Guru System's Casey Cole explains how to maximise value from data while minimising the associated risks of sharing.
We’re often told that energy data is valuable. Less often discussed is the fact that handling data can be risky. But just as not all data is equally valuable, some types of data are riskier than others. The trick is to maximise value while minimising risk.
Energy performance data from utility meters is almost worthless if it stays locked up in the meter. To realise value from the data, for it to become useful information, it needs to move between stakeholders. This is equally true for electricity, gas and heat networks but I'll frame the rest of this discussion in terms of heat.
For illustration, imagine a domestic customer on a heat network. The minimum useful flow of data would be periodic manual reads either by the customer or a meter reader. In this scenario a snapshot of the total count of kilowatt hours moves from the dwelling to the utility company just a few times a year.
There are three aspects of this utility data that we can improve in order to increase its value: granularity (e.g. shorter intervals between reads), richness (e.g. flow and return temperatures, flow rates), and timeliness (e.g. ability to find out what's happening right now). Improve the data in any of these dimensions and the potential value is multiplied. By connecting directly to the meters over a communication network, you can improve all three at once.
With valuable data freed from the meter, it can now flow between stakeholders, each of whom may have a different purpose for it. Customers may use it to control their spending and minimise wastage. A heat network operator wants it in order to minimise distribution losses and lower the cost of delivered heat. Engineers want to learn from past projects and design better systems in future. Clients procuring heat networks may use data to check they got what they paid for.
But, regardless of data’s value, some of these stakeholders are wary of obtaining and handling data because of the attendant risks. Top of the list is exposure to the Data Protection Act (DPA). Meter readings (when they're accompanied by a meter id) are personal data and so covered by the DPA. Mishandle such data and the Information Commissioner’s Office may slap a fine on you of up to £500k.
Once a stakeholder has got useful data, they may be reluctant to share it with others. For example, network operators may fear the commercial risk that comes from competitors knowing how their systems are performing. Or engineers may be reluctant to admit that a design failed to achieve its performance requirements. As a result, promising data that has been obtained from meters will now stay locked up in silos rather than helping to improve general practice in the market.
Part of the solution to these silos is for stakeholders to become more confident in how they handle data. The first step to achieve this is to put in place key systems and processes. Standards such as ISO 27001 and Cyber Essentials are invaluable for this.
With a framework in place, incoming data can then be categorised according to type and risk (perhaps by using the Open Data Institute’s data spectrum) and the appropriate controls applied. For example, anonymised data aggregated from several networks is far less sensitive than a year’s worth of half hourly data from a vulnerable residential customer.

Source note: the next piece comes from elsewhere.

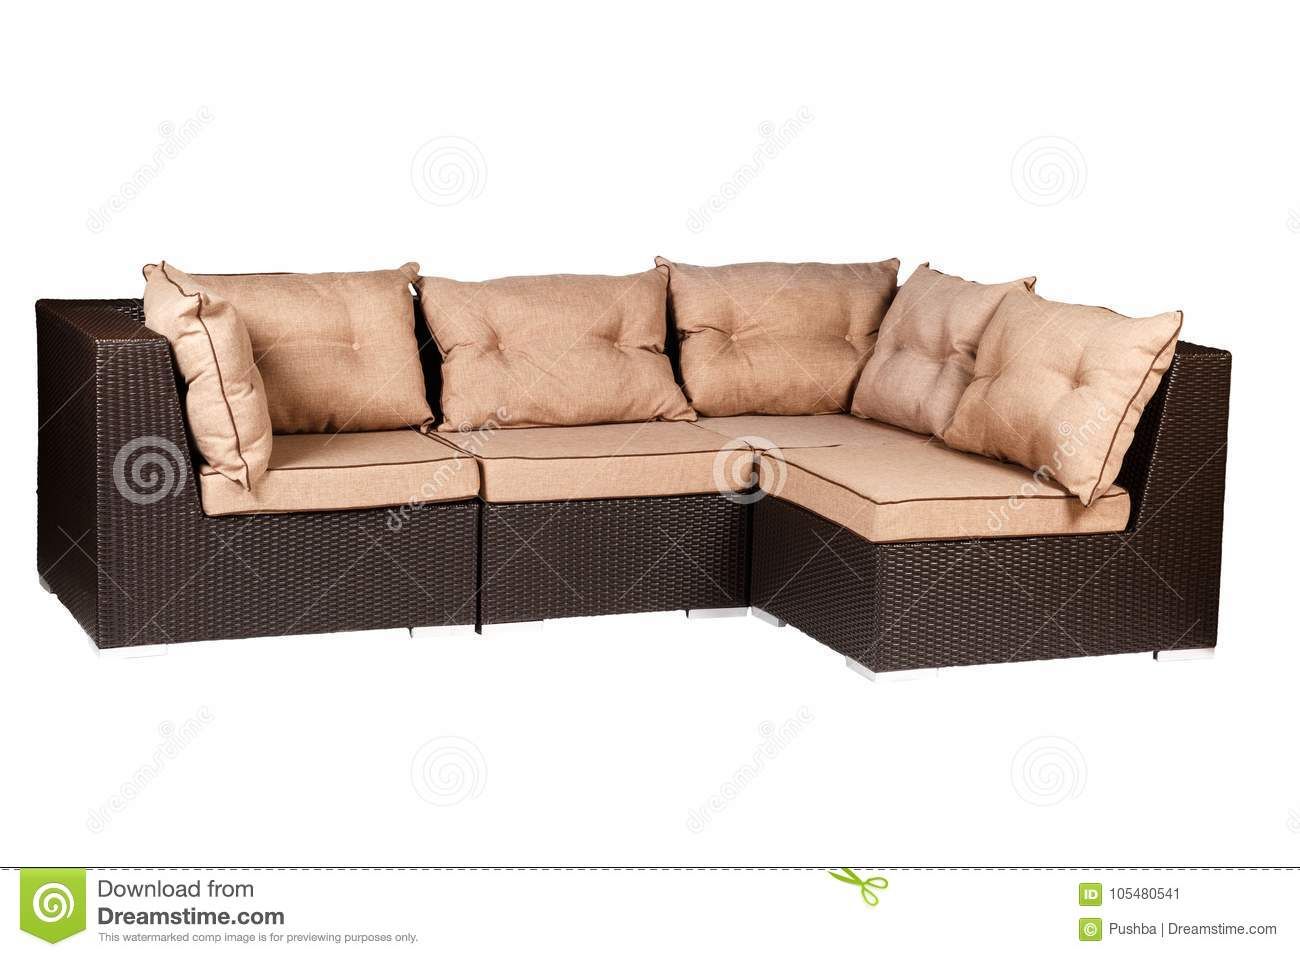 Wicker Sofa With Linen Cushions In Sand Color Stock Image In Setoril Modern Sectional Sofa Swith Chaise Woven Linen (View 10 of 15)

Another part of the solution is to recognise that risk and value are not interchangeable: some of the most valuable data carries little or no risk at all. For example, as part of a recent project funded by the Department for Energy and Climate Change, the team at Guru Systems anonymised half hourly data from around a thousand homes to produce diversity curves that are essential for engineers to build better heat networks. We then published the curves as open data under a Creative Commons License. While the anonymised data is low risk, we estimate that it may be worth as much as £450m to the nascent heat industry over the next 10 years.
To sum up, data is worthless if it stays locked up in the utility meter. Improving the data’s granularity, richness and timeliness can increase its usefulness but, to get the most out of it, data needs to be able to move between stakeholders. The risks associated with handling and sharing data can make stakeholders keep it to themselves, but by developing systems and processes to handle data better and by recognising that some of the most valuable data is lowest risk, they can maximise value for themselves and the wider market.